##### RECORDS TO PROCESS

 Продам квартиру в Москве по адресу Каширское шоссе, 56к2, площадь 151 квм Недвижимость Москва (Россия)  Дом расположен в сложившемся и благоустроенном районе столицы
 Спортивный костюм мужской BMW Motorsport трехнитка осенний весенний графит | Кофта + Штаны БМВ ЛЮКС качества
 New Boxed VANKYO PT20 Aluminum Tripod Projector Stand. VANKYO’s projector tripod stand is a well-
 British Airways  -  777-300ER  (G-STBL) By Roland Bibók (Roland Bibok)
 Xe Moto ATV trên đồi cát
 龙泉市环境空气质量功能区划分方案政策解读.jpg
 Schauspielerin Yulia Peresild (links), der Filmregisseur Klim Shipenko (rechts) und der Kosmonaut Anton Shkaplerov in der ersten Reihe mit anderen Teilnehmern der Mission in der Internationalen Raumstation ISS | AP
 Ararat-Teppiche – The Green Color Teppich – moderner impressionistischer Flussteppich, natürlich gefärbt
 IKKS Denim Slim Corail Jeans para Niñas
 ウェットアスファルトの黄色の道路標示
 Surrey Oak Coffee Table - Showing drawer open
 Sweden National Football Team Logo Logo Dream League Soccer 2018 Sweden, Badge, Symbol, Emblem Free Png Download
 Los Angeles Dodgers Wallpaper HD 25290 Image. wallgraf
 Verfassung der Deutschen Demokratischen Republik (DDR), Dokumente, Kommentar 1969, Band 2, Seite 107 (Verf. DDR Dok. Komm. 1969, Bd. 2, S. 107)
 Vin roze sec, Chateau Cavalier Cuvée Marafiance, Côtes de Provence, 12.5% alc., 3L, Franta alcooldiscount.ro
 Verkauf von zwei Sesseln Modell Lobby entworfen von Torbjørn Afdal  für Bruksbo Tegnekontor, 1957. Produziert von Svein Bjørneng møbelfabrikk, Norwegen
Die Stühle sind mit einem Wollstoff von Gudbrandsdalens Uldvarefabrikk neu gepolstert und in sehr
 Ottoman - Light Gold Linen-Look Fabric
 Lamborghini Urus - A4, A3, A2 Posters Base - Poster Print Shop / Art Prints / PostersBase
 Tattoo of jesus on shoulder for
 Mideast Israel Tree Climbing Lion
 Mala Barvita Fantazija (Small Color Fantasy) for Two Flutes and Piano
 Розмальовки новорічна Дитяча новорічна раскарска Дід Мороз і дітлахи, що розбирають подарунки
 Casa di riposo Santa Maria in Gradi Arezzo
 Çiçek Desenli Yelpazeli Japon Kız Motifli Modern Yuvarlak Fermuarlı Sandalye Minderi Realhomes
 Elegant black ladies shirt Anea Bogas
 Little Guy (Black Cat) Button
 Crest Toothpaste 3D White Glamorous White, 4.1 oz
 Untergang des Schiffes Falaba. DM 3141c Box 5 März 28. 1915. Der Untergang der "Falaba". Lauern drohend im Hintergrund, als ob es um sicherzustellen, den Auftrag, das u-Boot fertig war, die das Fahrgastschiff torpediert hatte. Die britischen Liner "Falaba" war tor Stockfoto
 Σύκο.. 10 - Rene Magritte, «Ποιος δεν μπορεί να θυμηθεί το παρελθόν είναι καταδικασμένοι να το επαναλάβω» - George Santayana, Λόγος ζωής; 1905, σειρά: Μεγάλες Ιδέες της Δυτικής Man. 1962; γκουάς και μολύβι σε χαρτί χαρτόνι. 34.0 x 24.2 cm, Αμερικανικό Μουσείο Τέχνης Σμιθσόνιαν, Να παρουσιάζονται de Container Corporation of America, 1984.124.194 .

##########

**HOW TO COMPLETE THIS TASK:** Every record above is to be restated exactly as it reads.

**OUTPUT OF THE EXERCISE:**
 Продам квартиру в Москве по адресу Каширское шоссе, 56к2, площадь 151 квм Недвижимость Москва (Россия)  Дом расположен в сложившемся и благоустроенном районе столицы
 Спортивный костюм мужской BMW Motorsport трехнитка осенний весенний графит | Кофта + Штаны БМВ ЛЮКС качества
 New Boxed VANKYO PT20 Aluminum Tripod Projector Stand. VANKYO’s projector tripod stand is a well-
 British Airways  -  777-300ER  (G-STBL) By Roland Bibók (Roland Bibok)
 Xe Moto ATV trên đồi cát
 龙泉市环境空气质量功能区划分方案政策解读.jpg
 Schauspielerin Yulia Peresild (links), der Filmregisseur Klim Shipenko (rechts) und der Kosmonaut Anton Shkaplerov in der ersten Reihe mit anderen Teilnehmern der Mission in der Internationalen Raumstation ISS | AP
 Ararat-Teppiche – The Green Color Teppich – moderner impressionistischer Flussteppich, natürlich gefärbt
 IKKS Denim Slim Corail Jeans para Niñas
 ウェットアスファルトの黄色の道路標示
 Surrey Oak Coffee Table - Showing drawer open
 Sweden National Football Team Logo Logo Dream League Soccer 2018 Sweden, Badge, Symbol, Emblem Free Png Download
 Los Angeles Dodgers Wallpaper HD 25290 Image. wallgraf
 Verfassung der Deutschen Demokratischen Republik (DDR), Dokumente, Kommentar 1969, Band 2, Seite 107 (Verf. DDR Dok. Komm. 1969, Bd. 2, S. 107)
 Vin roze sec, Chateau Cavalier Cuvée Marafiance, Côtes de Provence, 12.5% alc., 3L, Franta alcooldiscount.ro
 Verkauf von zwei Sesseln Modell Lobby entworfen von Torbjørn Afdal  für Bruksbo Tegnekontor, 1957. Produziert von Svein Bjørneng møbelfabrikk, Norwegen
Die Stühle sind mit einem Wollstoff von Gudbrandsdalens Uldvarefabrikk neu gepolstert und in sehr
 Ottoman - Light Gold Linen-Look Fabric
 Lamborghini Urus - A4, A3, A2 Posters Base - Poster Print Shop / Art Prints / PostersBase
 Tattoo of jesus on shoulder for
 Mideast Israel Tree Climbing Lion
 Mala Barvita Fantazija (Small Color Fantasy) for Two Flutes and Piano
 Розмальовки новорічна Дитяча новорічна раскарска Дід Мороз і дітлахи, що розбирають подарунки
 Casa di riposo Santa Maria in Gradi Arezzo
 Çiçek Desenli Yelpazeli Japon Kız Motifli Modern Yuvarlak Fermuarlı Sandalye Minderi Realhomes
 Elegant black ladies shirt Anea Bogas
 Little Guy (Black Cat) Button
 Crest Toothpaste 3D White Glamorous White, 4.1 oz
 Untergang des Schiffes Falaba. DM 3141c Box 5 März 28. 1915. Der Untergang der "Falaba". Lauern drohend im Hintergrund, als ob es um sicherzustellen, den Auftrag, das u-Boot fertig war, die das Fahrgastschiff torpediert hatte. Die britischen Liner "Falaba" war tor Stockfoto
 Σύκο.. 10 - Rene Magritte, «Ποιος δεν μπορεί να θυμηθεί το παρελθόν είναι καταδικασμένοι να το επαναλάβω» - George Santayana, Λόγος ζωής; 1905, σειρά: Μεγάλες Ιδέες της Δυτικής Man. 1962; γκουάς και μολύβι σε χαρτί χαρτόνι. 34.0 x 24.2 cm, Αμερικανικό Μουσείο Τέχνης Σμιθσόνιαν, Να παρουσιάζονται de Container Corporation of America, 1984.124.194 .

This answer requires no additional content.